When a qui tam case is dismissed, it’s not unusual for the defendant to seek an order requiring the whistleblower to reimburse its attorneys’ fees. What is unusual is for the defendant to seek an order requiring the whistleblower’s attorneys, rather than the whistleblower himself, to make the payment. But that’s what has happened in the now-notorious US ex rel. Leysock v. Forest Labs case.
On April 28 the court dismissed the qui tam case for failure to plead the alleged fraud with particularity as required by Fed. Rule of Civil Procedure 9(b). That was a complete reversal of the court’s earlier ruling on the same motion. Why the turn-around? Because in the interim the court had discovered that the surprisingly detailed allegations in the complaint had been obtained through an “elaborate scheme of deceptive conduct” orchestrated by the whistleblower’s law firm.
The firm had hired a doctor to obtain confidential patient and treatment information from innocent doctors under the guise of conducting legitimate medical research. Then, despite assurances of confidentiality, the information—including physician names and patient information sufficient to identify them—was included in the second amended whistleblower complaint, which became public when the case was unsealed.

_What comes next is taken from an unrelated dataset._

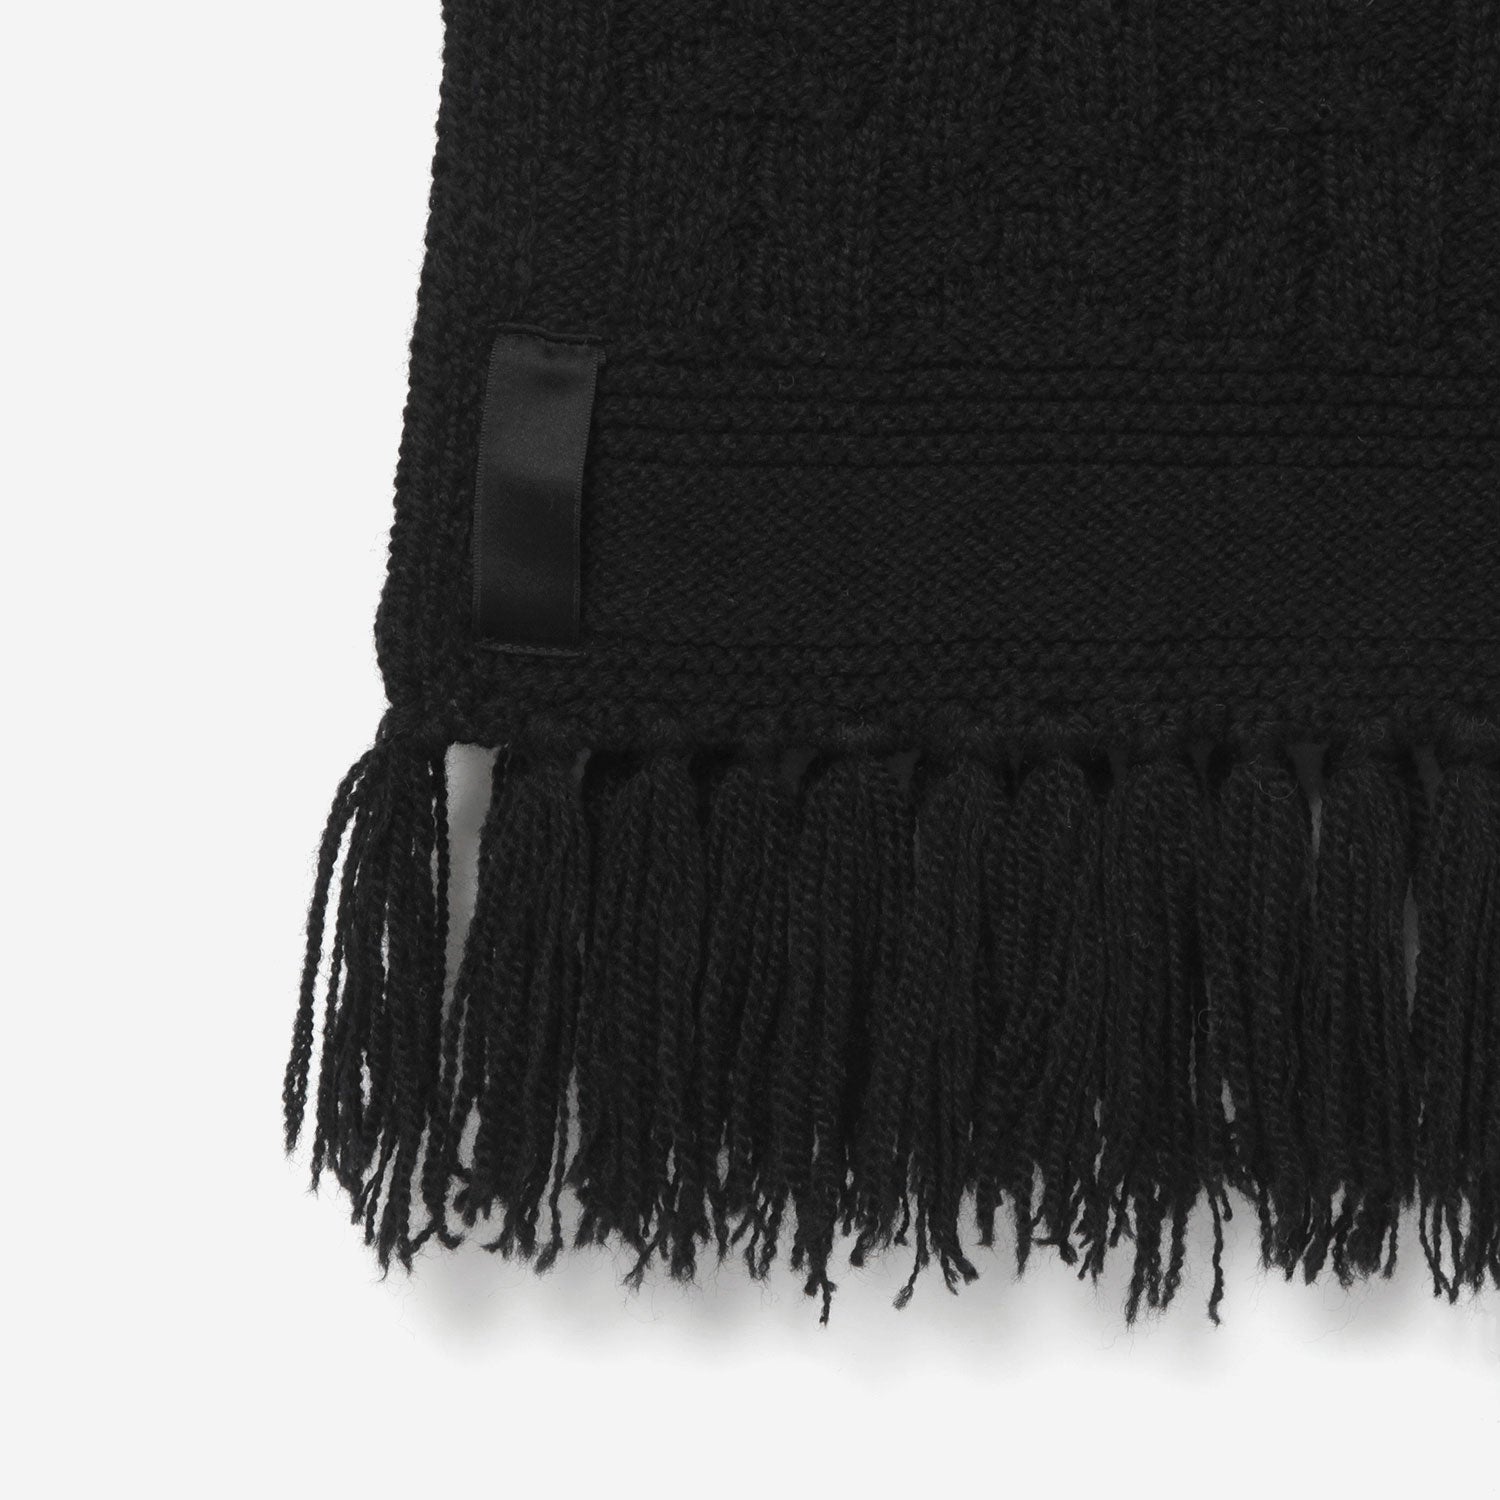 Knit Scarf / black
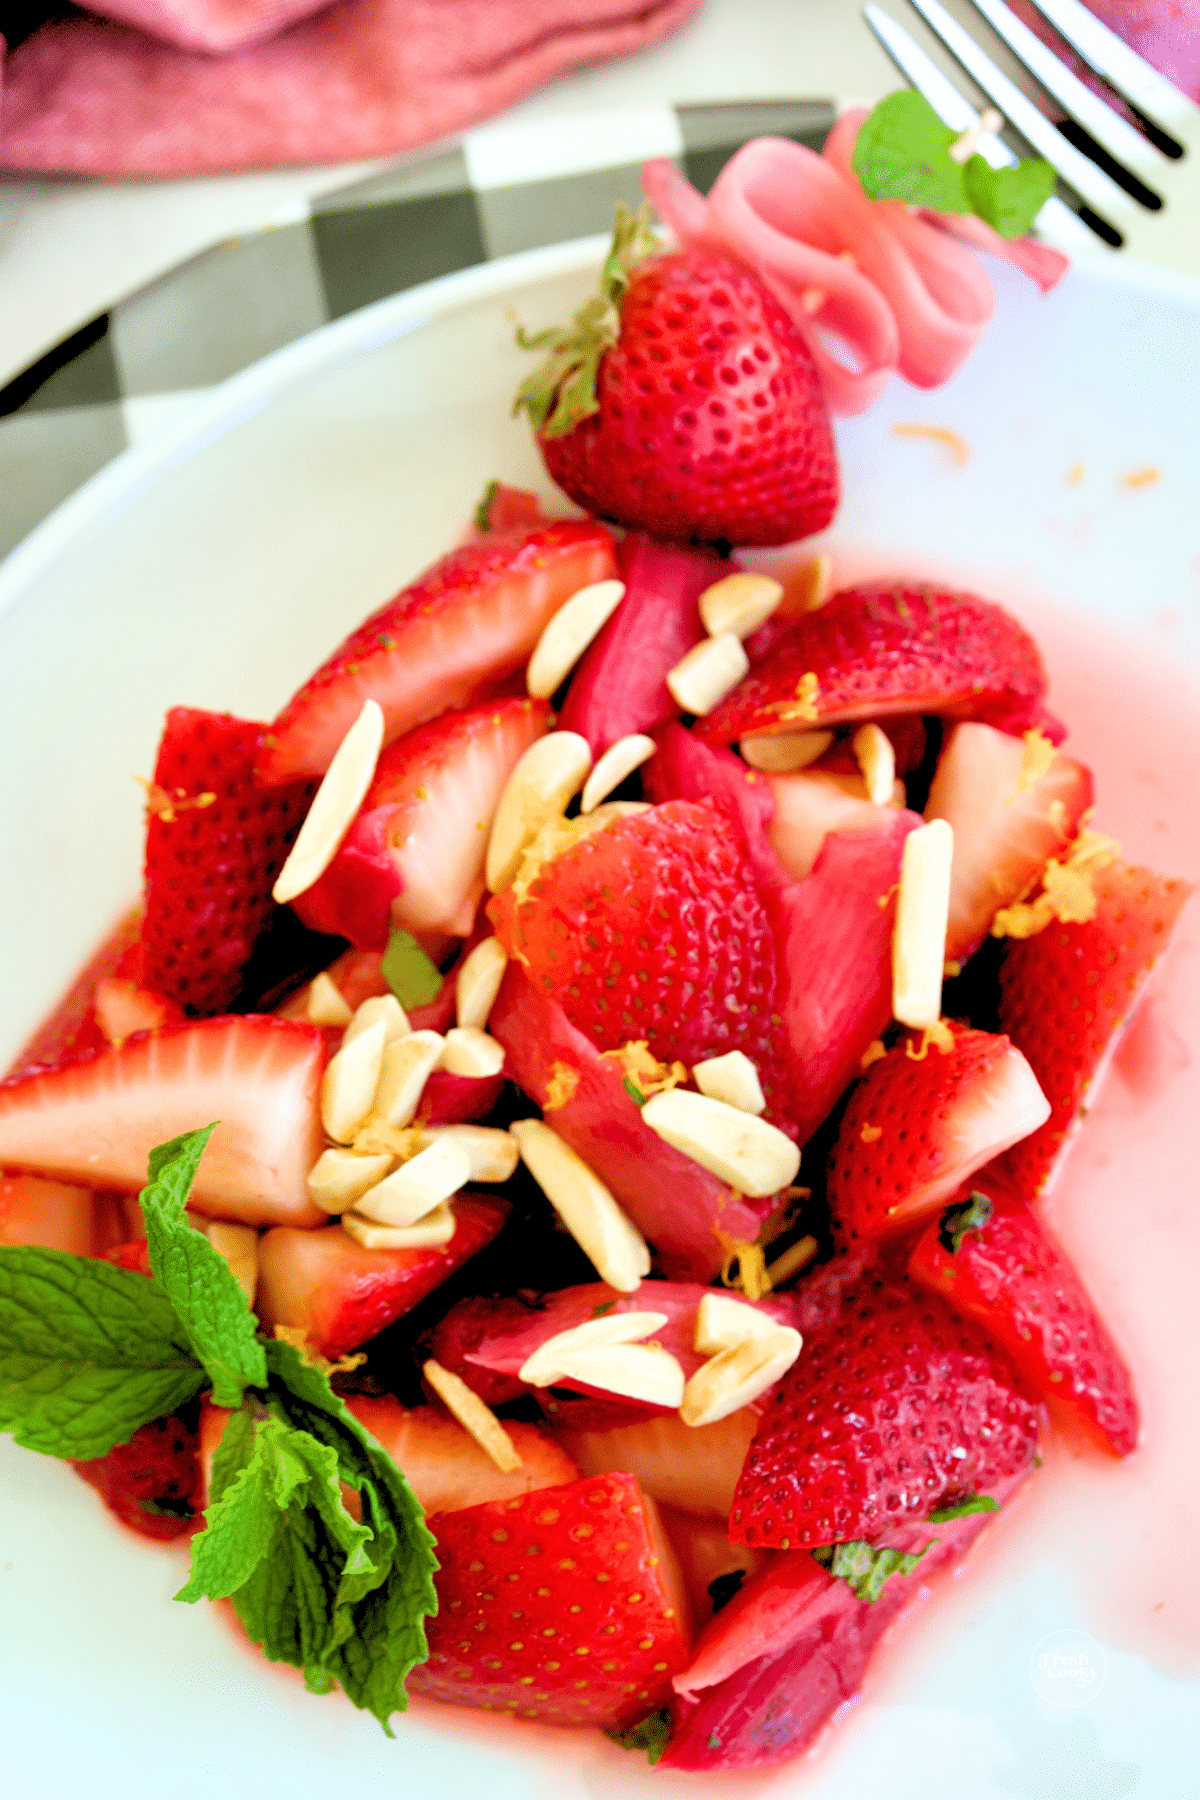 Strawberry Rhubarb Salad on plate with mint garnish.

The court ruled that the law firm had violated the Mass. Rules of Professional Conduct and the rules of the District Court. As a sanction, it struck all the allegations gained from the fraud scheme and then found the remaining allegations insufficient to withstand the motion to dismiss.
That was on April 28. On May 12 Forest Labs moved for an order awarding it all its attorneys’ fees and costs, payable by the whistleblower’s law firm. How much money are we talking about? The motion put the sum at “more than six million dollars [italics and bold in original].”
The case is US ex rel. Leysock, No. 12-CV-11354, D. Mass., motion filed May 12, 2017).